Bradford Morrow: The Diviner’s Tale
April 5, 2011 by David
Filed under Fiction, WritersCast
978-0547382630 – Hardcover – Houghton Mifflin Harcourt – $26.00 (ebook version also available)
I have read a number of truly fine books over the past couple of years, most of which I have talked about on Writerscast. It’s important to me that I’ve only been writing and talking about books I really liked. A few of these wonderful books have just bowled me over, and Bradford Morrow’s The Diviner’s Tale is one of those. It’s a tightly woven story and powerfully interior, paradoxically, as it is set in a variety of geographic locales (all familiar to the author and therefore quite beautifully described).
Reading this book, I found myself propelled by the force of the story, and enthralled with the main character Cassandra Brooks, a single mother of two boys, daughter of a professional dowser, who is blessed and cursed by visions (Cassandra in Greek mythology had the gift of prophecy) and conflicted about her own ability to find water underground (the last name Brooks is no accident either).
The book opens with a chilling and frightening event – Cassandra is walking the woods for a client and comes across a hanged girl, who is to her, not an apparition.

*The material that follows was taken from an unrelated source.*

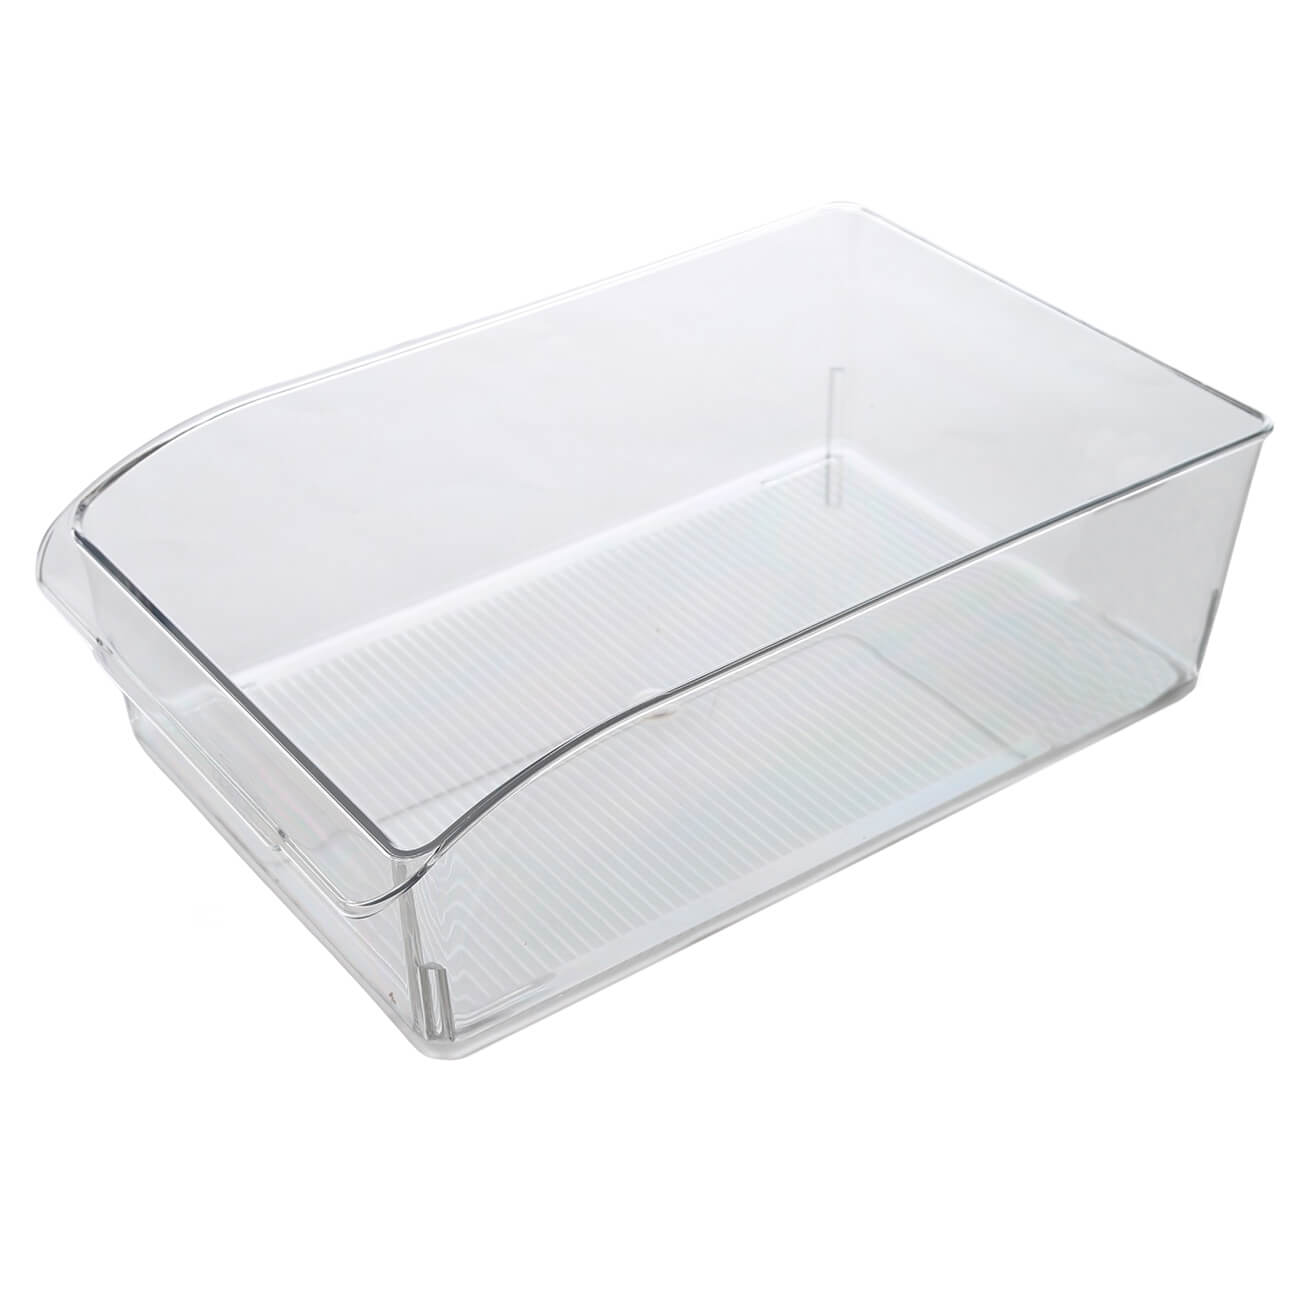 Ящик-органайзер для холодильника, 32х20 см, акрил, Basic ящик органайзер для холодильника 32х20 см акрил basic

But when she brings the local sheriff to the scene (he is a former love interest – it’s a typical small town in upstate New York where everyone knows everyone), there is no sign of the hanged girl. But they find another girl, and that launches the story’s trajectory which ultimately forces Cassandra to confront long buried secrets in her past and some very real and dangerous possibilities for her in the present.
While the story is set in upstate New York, near the Delaware River, a significant part of the book takes place in the beautifully drawn islands of Maine near Mt. Desert – more water, more mystery, more danger for Cassandra and the reader.
Morrow is a terrific writer, and has written a number of very fine novels, but this one may well be his best book thus far. The Diviner’s Tale is a bit of a mash up, taking elements of mysteries, thrillers, and even supernatural novels, merging them into a dark melange that stands alone as an original work of modernist fiction. I liked what Joyce Carol Oates said about it – “luminous and magical…a feat of prose divination.” Well put indeed.
This book is a great pleasure to discover.
And talking to Brad was a pleasure as well. He knows himself, his work, and what it means. He talks fluently about this book, and the story of how the novel was born is definitely worth hearing. I hope you will enjoy our conversation as thoroughly as I did.
The author’s website is worth a visit too – you get a chance to read some of his stories and find out more about his many projects (I knew Brad first as the editor of the extraordinary and long lasting literary magazine Conjunctions, now up to issue #55, and which has managed to retain its sense of discovery over many years and many different literary styles and genres).